Sometimes he just wants me to give things over to Him. I kick and scream and put up a fight, but once I finally surrender it's such a good feeling.
I have put up a front for quite some time now. I wouldn't allow myself to feel hurt. I felt much stronger shoving my feelings aside and not dealing with things that would make me vulnerable. I didn't want to feel anything. Which, yeah, that can work, and honestly I felt awesome that I had that kind of control to turn my heart on and off. I didn't talk to anyone about it. I didn't need to, b/c I wasn't hurt, right?
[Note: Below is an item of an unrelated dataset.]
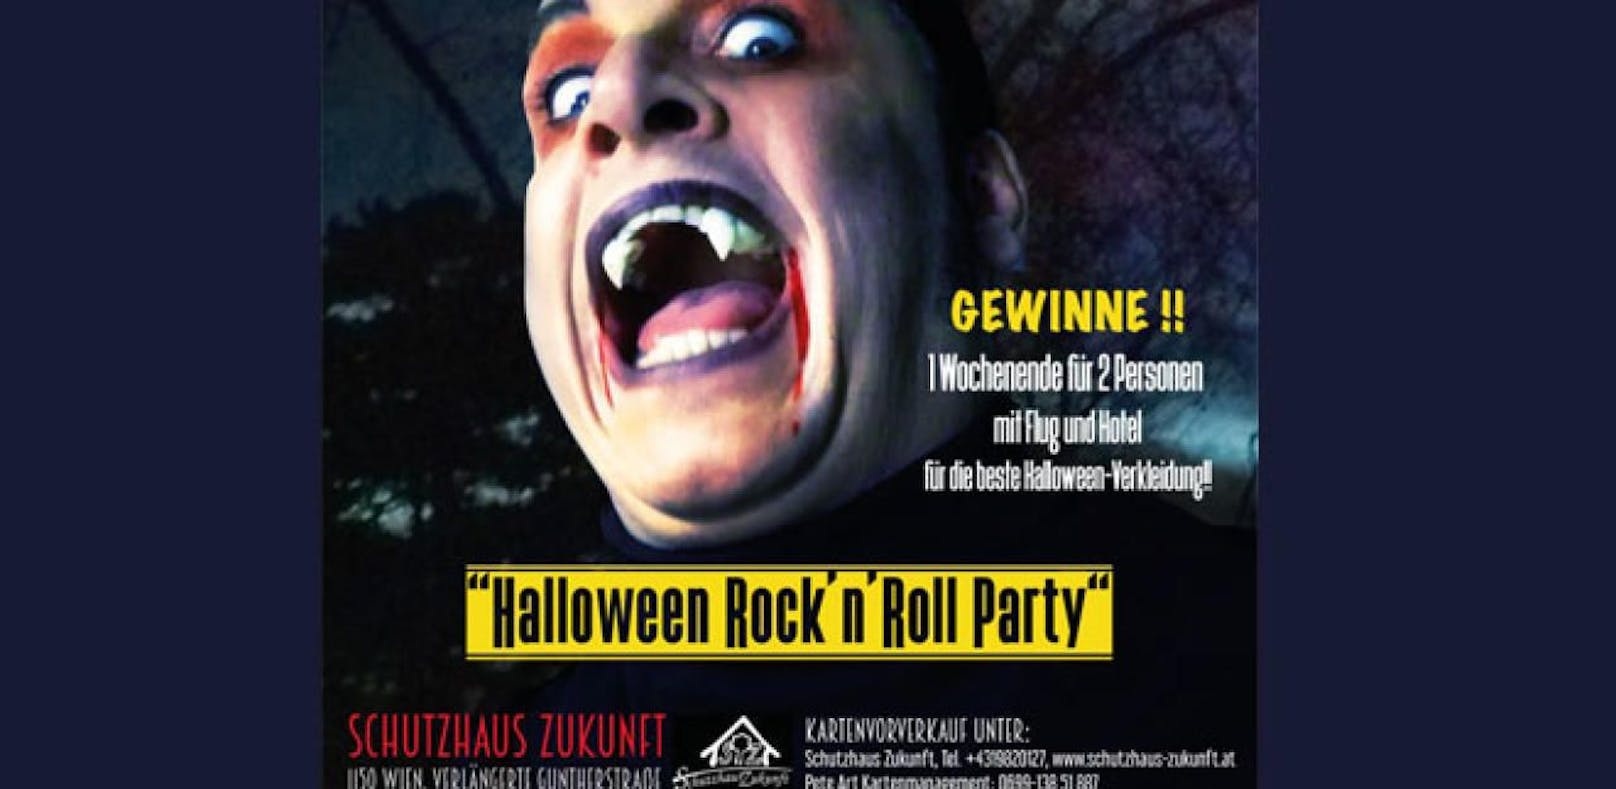 Pete Art and the Rock'n'Roll Junkies sind live auf der Halloween-Party im Schutzhaus Zukunft am 31.10. zu sehen!

False, God broke me Sunday. It's funny how much He knows me better then I know myself. I fooled myself to thinking that I actually didn't care. But the one thing that I do care about was being blockaded by something I wouldn't let go of. Barricaded by something that brought me nothing good, & only caused me to hurt. So Sunday, I let it go. Sometimes I need to face the fact that I can't be my own savior. I know where God wants me. He wants me in Africa, & I want to be there. Right now actually. I realized nothing is greater then that. Nothing is greater then God's plan for me. If I'm not in Africa I know I will not be ultimately happy.
In the grand scheme of things, God's plans for me in Africa are so much greater then the tiny miniscule things that I hold onto daily. You know, when you hold onto something you are basically telling God that He can't handle it. He can't fix it, only you can.
Sometimes you've got to give up in order to grow up.
I'm glad I'm on my way to growing up.